Not all areas of BP’s business are under pressure. The company expects higher refining margins to add between $100 million and $300 million to first-quarter earnings, offering a modest buffer against underwhelming gas performance.

BP also flagged a $4 billion increase in net debt for the quarter, caused by working capital buildup. This rise is largely attributed to seasonal inventory effects, bonus payouts, and payments tied to low-carbon assets held for sale. The company emphasized that much of this increase is expected to reverse in the subsequent quarters.

As part of its February strategy update, BP reaffirmed its target of reducing net debt to the range of $14-$18 billion by 2027, down from the current level of more than $20 billion.

BP’s shift back to oil and gas and its emphasis on project rollouts come amid pressure from investors, including activist hedge fund Elliott, which has urged the company to prioritize shareholder value.

BP is set to release its first-quarter results on April 29, offering more details on how its revised strategy is playing out across its portfolio.

BP’s Zacks Rank & Key Picks

BP currently carries a Zack Rank #3 (Hold).

Investors interested in the energy sector may look at some better-ranked stocks like Archrock Inc. AROC, Kinder Morgan, Inc. KMI and Enterprise Products Partners L.PEPD. While Archrock presently sports a Zacks Rank #1 (Strong Buy), Kinder Morgan and Enterprise Products carry a Zacks Rank #2 (Buy) each. You can see the complete list of today’s Zacks #1 Rank stocks here.

Archrock is an energy infrastructure company based in the United States with a focus on midstream natural gas compression. AROC provides natural gas contract compression services and generates stable fee-based revenues.

Archrock’s earnings beat estimates in three of the trailing four quarters and met once, delivering an average surprise of 8.81%.

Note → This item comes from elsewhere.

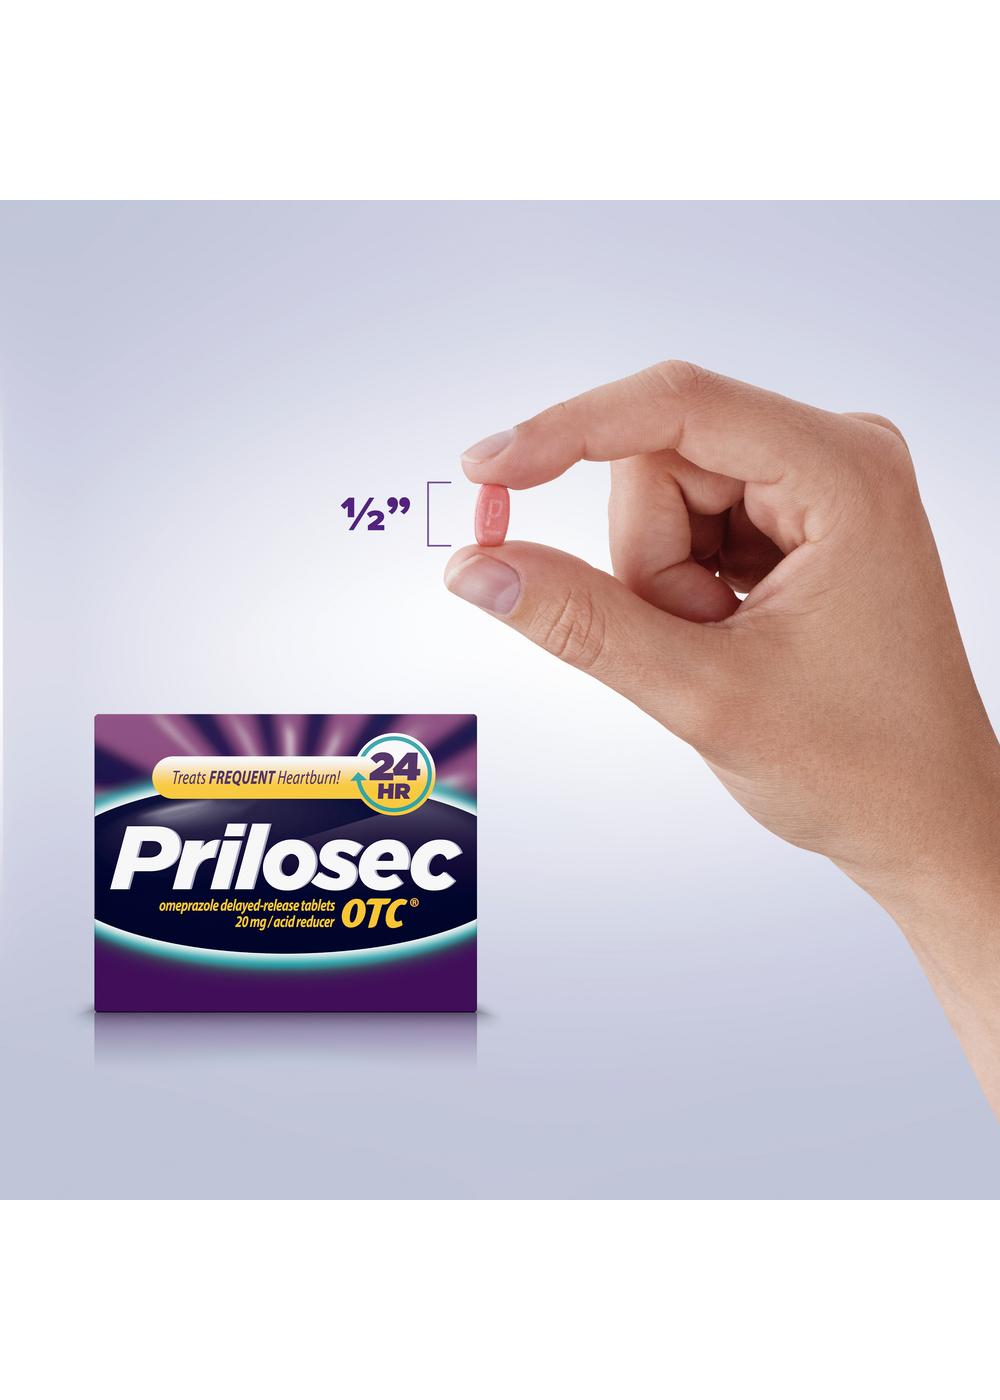 Prilosec Omeprazole Delayed Release Acid Reducer Tablets; image 4 of 8
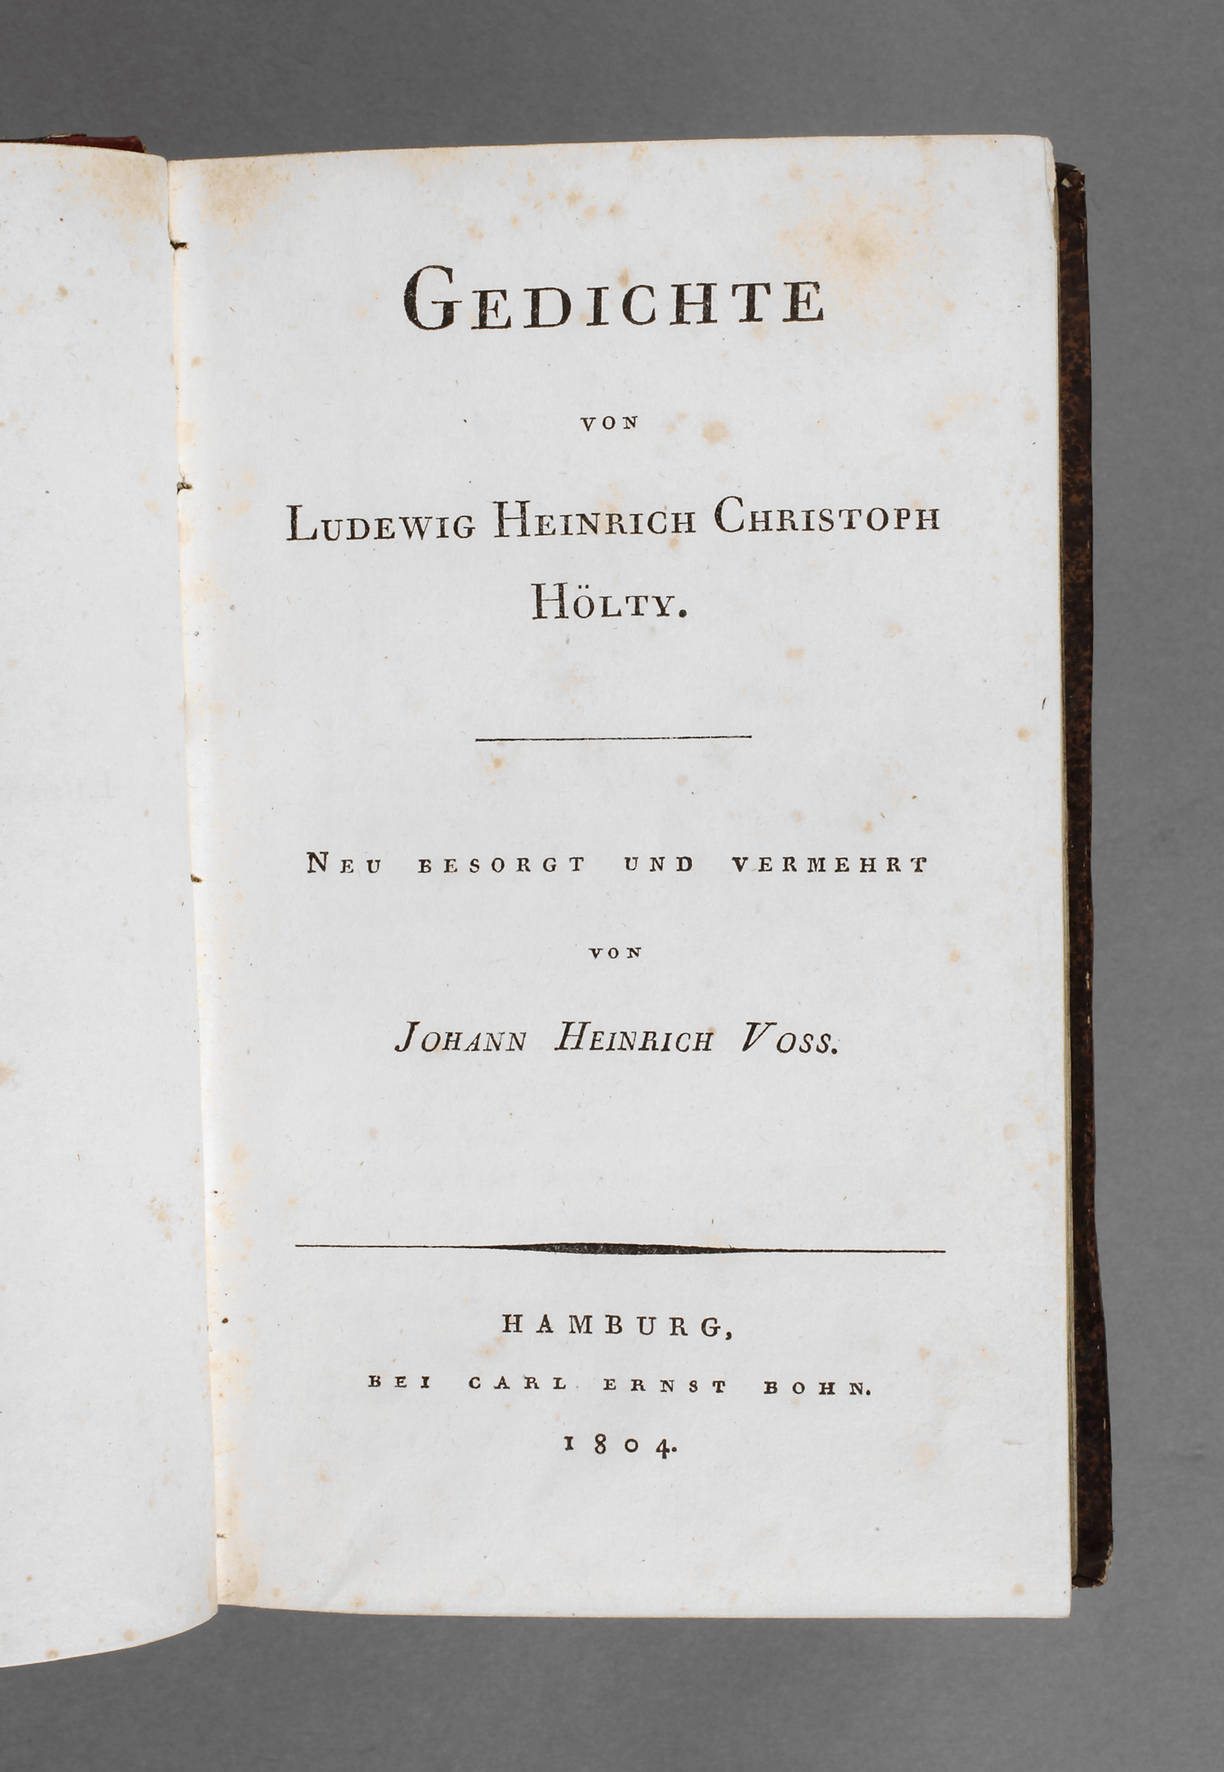 Gedichtband Hölty 1804

Kinder Morgan is a leading North American midstream player with a stable and resilient business model, largely driven by take-or-pay contracts, which ensure consistent earnings and facilitate reliable capital returns to shareholders. KMI operates one of the largest natural gas pipeline networks, positioning it to benefit from the projected increase in U.S. natural gas demand by 2030. 

Kinder Morgan’s earnings beat estimates in one of the trailing four quarters, met once and missed in the other two, delivering an average negative surprise of 1.85%.

Enterprise Products generates stable fee-based revenues from its vast network of oil and gas pipelines spanning 50,000 miles, connecting prolific U.S. shale plays. Notably, the acquisition of Pinon Midstream, which aims to provide services in the prolific Permian Basin, is expected to drive the partnership’s cash flows. This move enhances its NGL value chain and addresses regional infrastructure constraints, with strong customer demand expected to boost revenues.

EPD’s earnings beat estimates in two of the trailing four quarters and missed in the other two, delivering an average surprise of 1.83%.